In Search of Wild Silk - 2

Oh my, it seems like yesterday I wrote the last blog. That was four months ago! I introduced the title and subject matter of the book I am writing - In Search of Wild Silk - Revitalizing a Sustainable Cottage Industry. You hear writers say, "the book is taking on a life of its own". I never really knew what they meant. How could they not know exactly where they were going? Now I get it. I am writing non-fiction and still the book veered down a different path - a more interesting path. I have kept journals over the 30 plus years I have been traveling to India researching wild silk. Not only do they help me get all the facts straight, but I have stories from the people raising wild silkworms, the spinners and weavers. I kept accounts of adventures I encountered traveling in such an exotic land. I call these sections of the book - Journal Entries. I promised to tantalize you by posting some of the Journal Entries along the way.
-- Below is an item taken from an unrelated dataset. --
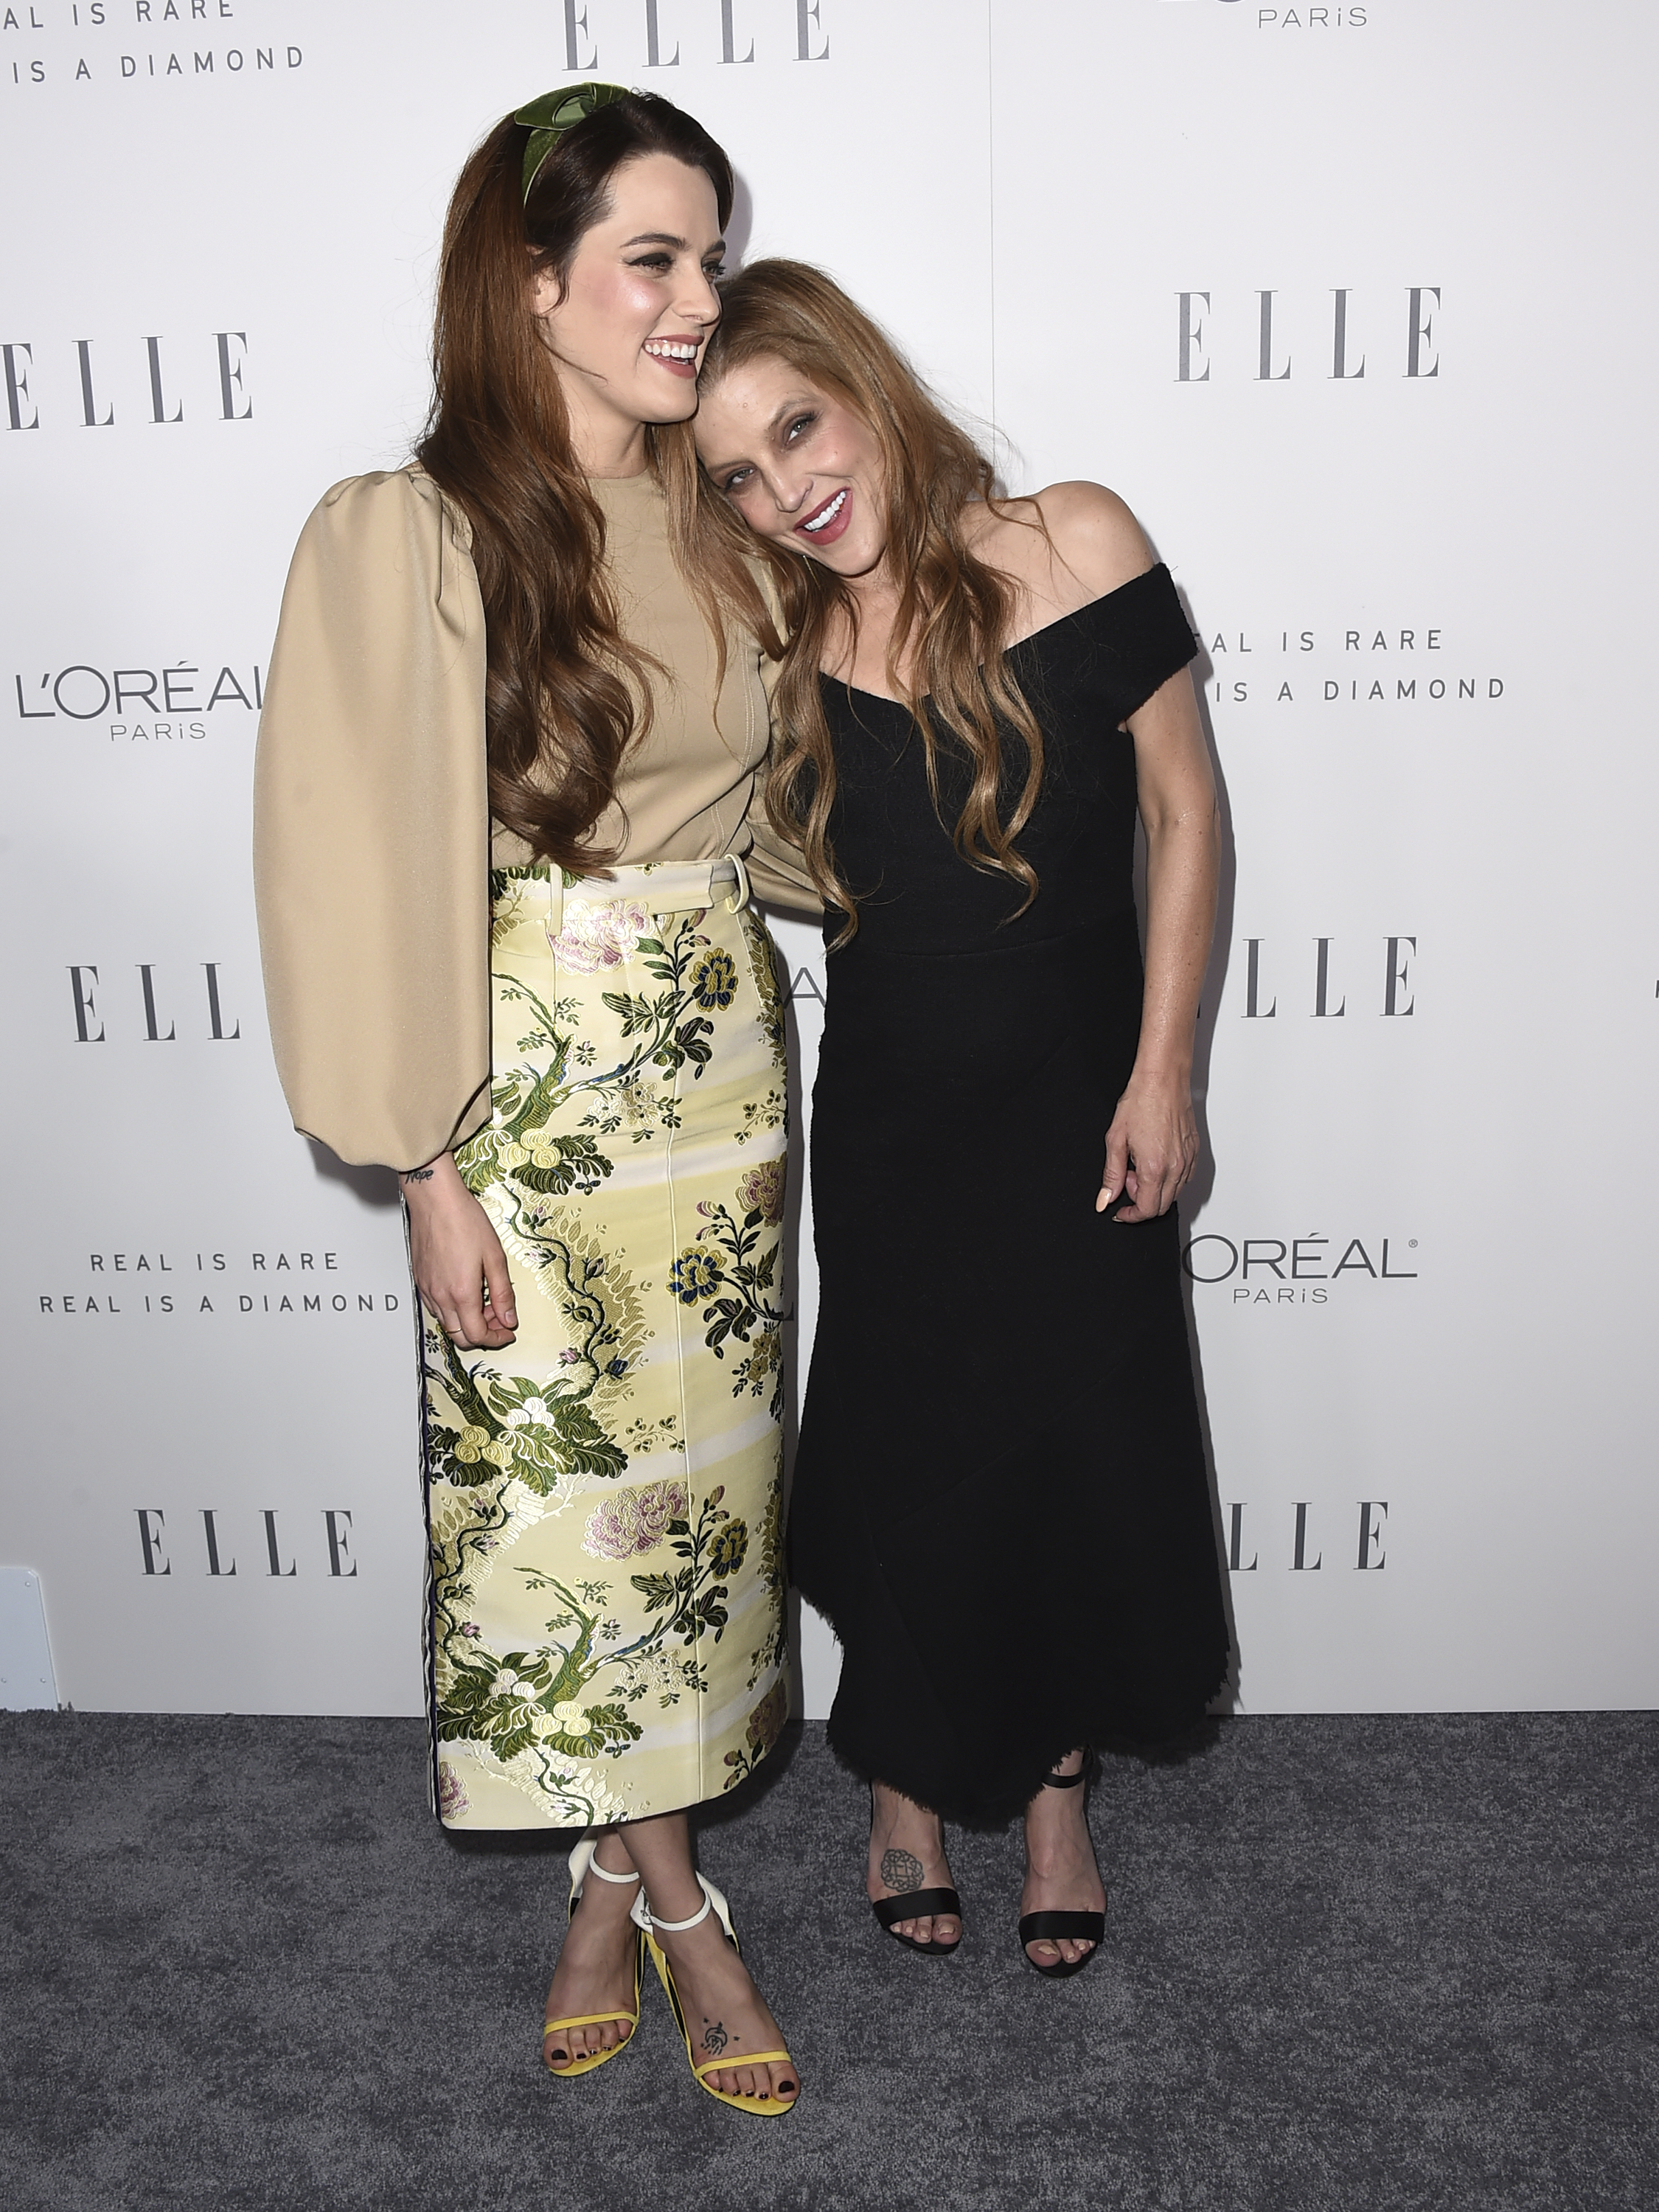 FILE – Riley Keough, left, and her mother Lisa Marie Presley arrive at the 24th Annual ELLE Women Awards in Hollywood on October 16, 2017 in Los Angeles.  Presley, singer-songwriter, Elvis's only descendant and dedicated guardian of her father's legacy, died on January 12, 2023, after being hospitalized, her mother Priscilla Presley said.  She was 54 years old.  (Photo Jordan Strauss/Invision/AP, File)

Malathi and Our Travel Arrangements

Our first bright-yellow-bottomed, black-canvas-covered three-wheel taxi transported us through Delhi to meet Malathi, our travel agent. We were country girls raised in orderly small towns and were therefore naïve, as Malathi would later enjoy informing us. We shared the road with horn-honking cars, scooters and goods carriers, decorated as if for a parade. Cows, elephants, dogs and people seemed to float through the chaos. Sidewalks burst with people performing things we certainly don’t do on the streets in North America. Men wearing only underpants washed themselves and brushed their teeth at pipe stands; snake charmers held baskets of cobras waving their heads in the air; ear cleaners displayed their tools of trade neatly lined up on tarps. Many sizes of new and used dentures rested on dirty blankets with a mirror set up for scrutiny. There were bursts of colour from racks where shopkeepers displayed saris, shoes and other goods. Barbers were cutting hair; chai wallas (merchants) with steaming pots served sweet, spicy tea; pakora vendors dropped battered veggies into splattering oil. A kaleidoscope of colour, mixed with a plethora of smells, good and bad, made our heads swim.




Journal Entry - October 1988

Tasar Forest, Odisha

It’s a hot October mid-afternoon. Our open jeep bumps deeper into the forest, red dust filling our nostrils and thickening our hair. Finally, we halt at a dome shaped hut made of date palm leaves. Brown cocoons, the size of plums, hang on a tree outside the hut, decorated with kum kum, the red powder used to make the mark of the third eye in between the eyebrows. Tribal rearers spend their nights here when out in the forest attending to the tasar caterpillars.

One by one, men appear out of the trees wearing only short cloths wrapped around their waists. There are seven of them - dark and lean with knotted muscles in their caIves and arms. These are bushmen who spend their days in the jungle. We stand momentarily, unabashedly taking in the oddity of each other. The rearers lead the way into the open timberland until we come to a tree filled with huge lime coloured silkworms. The youngest man picks up his sling shot and fires mud balls at predatory crows. Someone else begins to pick caterpillars off denuded branches and moves them to a tree with leaves. A necklace of large green caterpillars adorns the proud head man’s pink scarf. This is nothing like raising white, domestic silkworms - this is primal. It is a whole new perspective of the world of silk.